[[ Data open ]]

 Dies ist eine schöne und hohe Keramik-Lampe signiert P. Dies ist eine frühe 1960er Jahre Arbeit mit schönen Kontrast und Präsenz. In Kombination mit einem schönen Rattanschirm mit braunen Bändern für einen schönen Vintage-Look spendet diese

[[ Data closed ]]
[[ Data open ]]

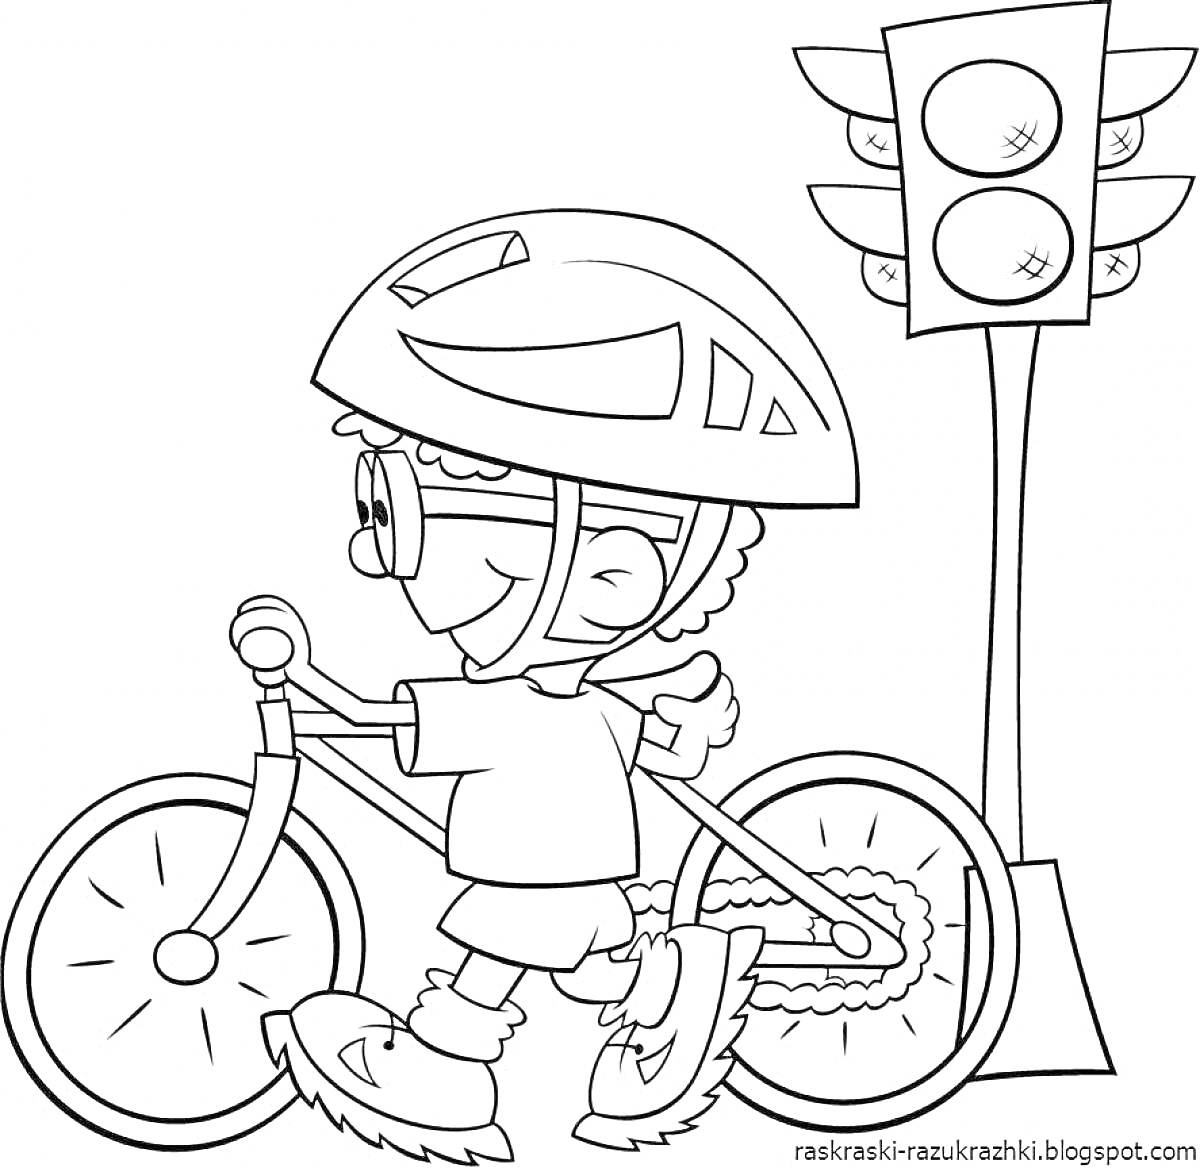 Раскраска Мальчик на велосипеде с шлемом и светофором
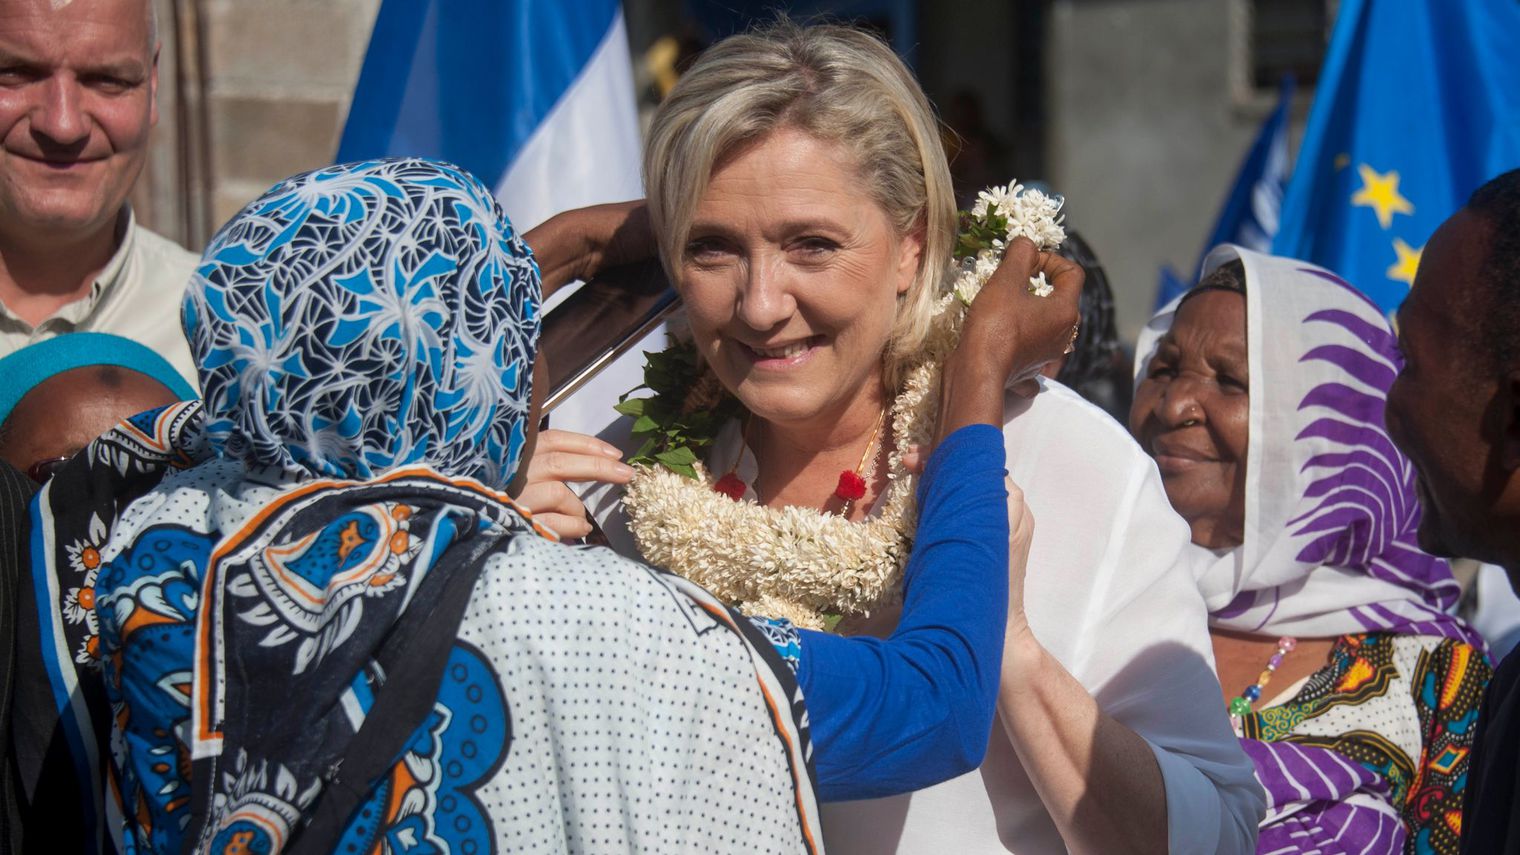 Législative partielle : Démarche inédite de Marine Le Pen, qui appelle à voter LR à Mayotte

[[ Data closed ]]
[[ Data open ]]

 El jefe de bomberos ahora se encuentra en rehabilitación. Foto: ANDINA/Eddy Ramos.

[[ Data closed ]]

Assignment: Look through the material above. Transcribe exactly the lines between the ones with "Раскраска Мальчик на" and "Législative partielle : Démarche", inclusive, and keep pictures out.

Solution to the exercise:
 Раскраска Мальчик на велосипеде с шлемом и светофором
 Législative partielle : Démarche inédite de Marine Le Pen, qui appelle à voter LR à Mayotte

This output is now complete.